Lung impedance in healthy humans measured by forced oscillations from 0.01 to 0.1 Hz

Abstract

Lung impedance was measured from 0.01 to 0.1 Hz in six healthy adults by superimposing small-amplitude forced oscillations on spontaneous breathing. Measurements were made with an almost constant-volume input (160–180 ml) or with an almost constant-flow input (20–30 ml.s-1). No significant difference was found between the two conditions. Lung resistance (RL) sharply decreased from 0.97 kPa.l-1.s at 0.01 Hz to 0.27 kPa.l-1.s at 0.03 Hz and then mildly to 0.23 kPa.l-1.s at 0.1 Hz.

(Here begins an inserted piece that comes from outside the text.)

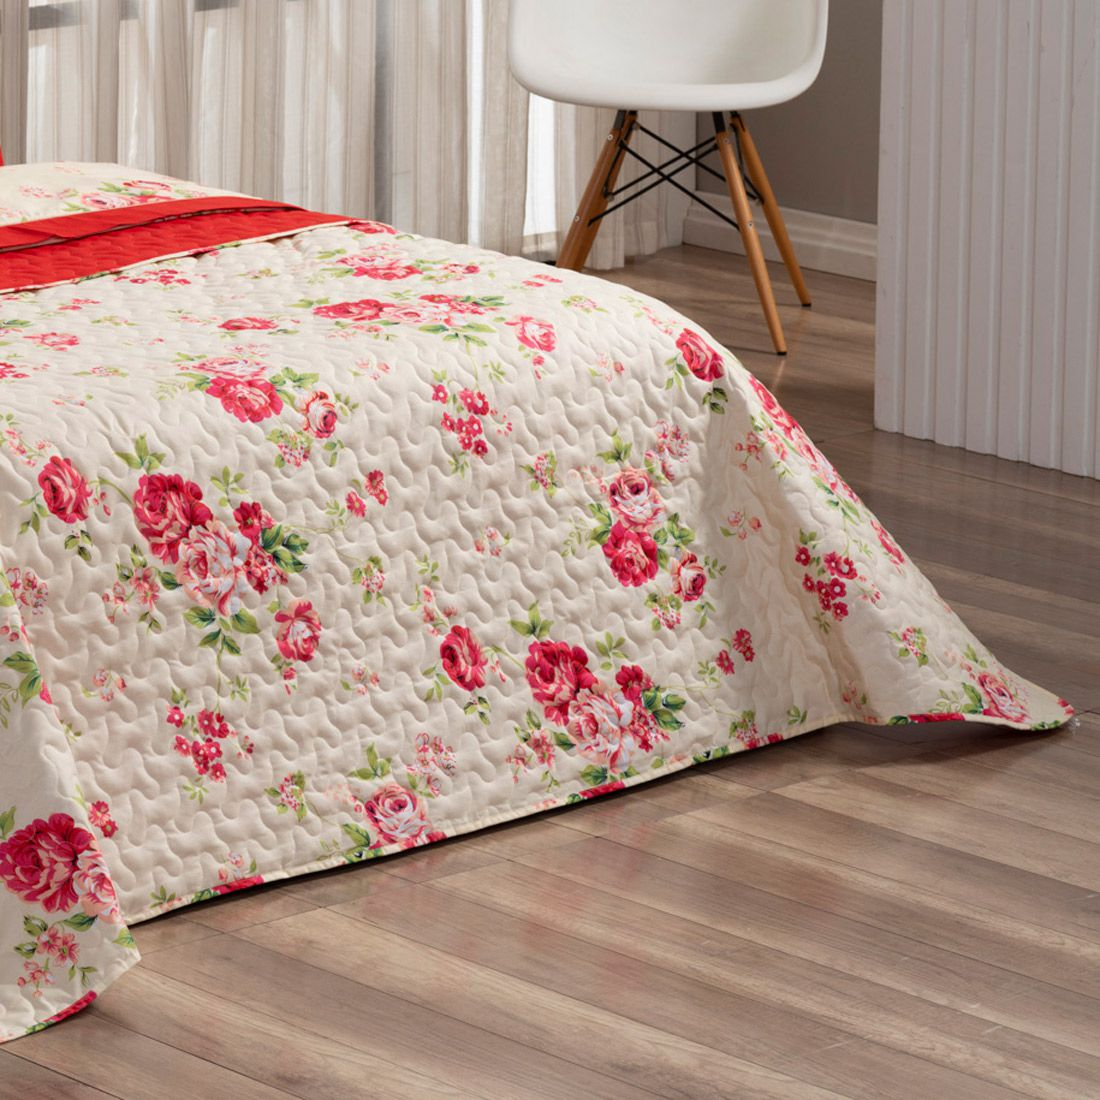 Cobre Leito Forest Floral Vermelho Super King Dupla Face Micropercal 200 fios 03 peças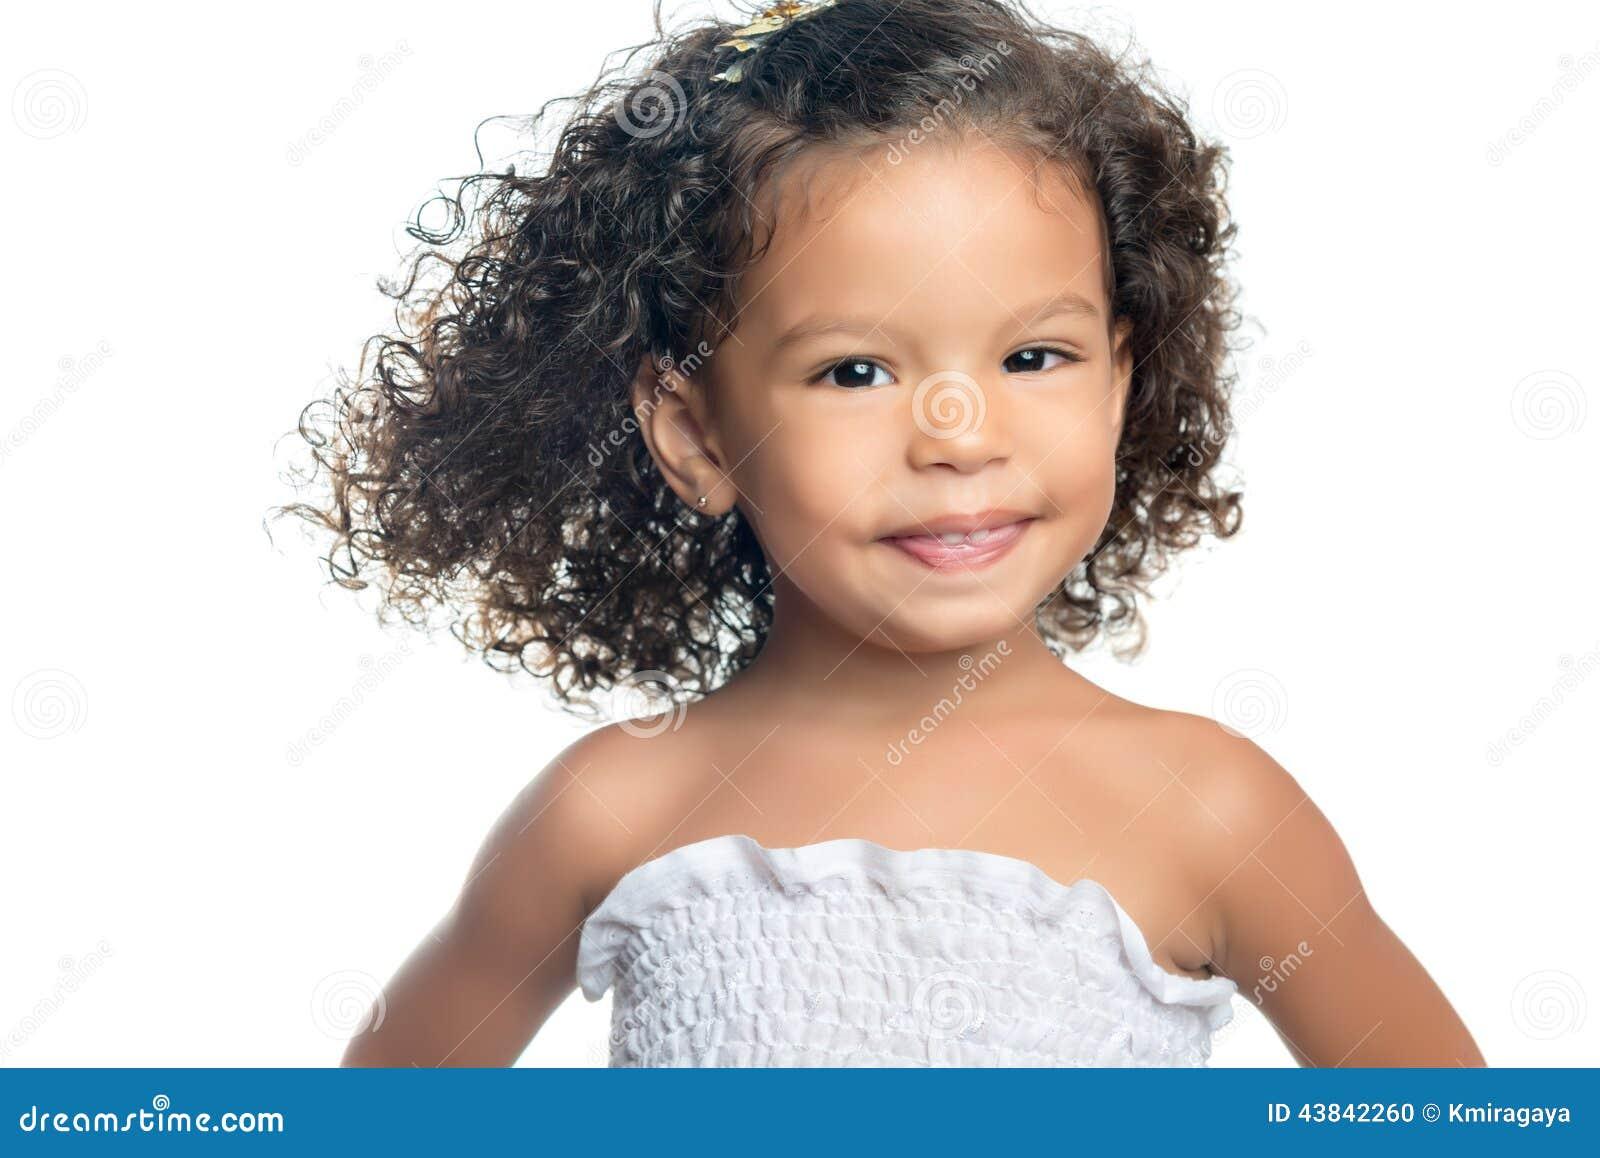 Acconciature capelli afro bambina

Lung effective compliance (CL) decreased slightly and regularly from 0.01 Hz (2.38 l.kPa-1) to 0.1 Hz (1.93 l.kPa-1). The data were analyzed using a linear viscoelastic model adapted from Hildebrandt (J. Appl. Physiol. 28:365–372, 1970) and complemented by a Newtonian resistance (R): RL = R + B/(9.2f); CL = 1/(A + 0.25B + B.log2 pi f), where f is the frequency and B/A is an index of lung tissue viscoelasticity. A good fit was generally obtained, with an average difference of 10% between the observed and predicted values. The ratio B/A was not affected by the breathing and was 10.6 and 13.6% in the constant-volume and constant-flow conditions, respectively, which agrees with Hildebrandt's observations in isolated cat lungs. R was systematically larger than the plethysmographic airway resistance, suggesting that lung tissue resistance might also include a Newtonian component.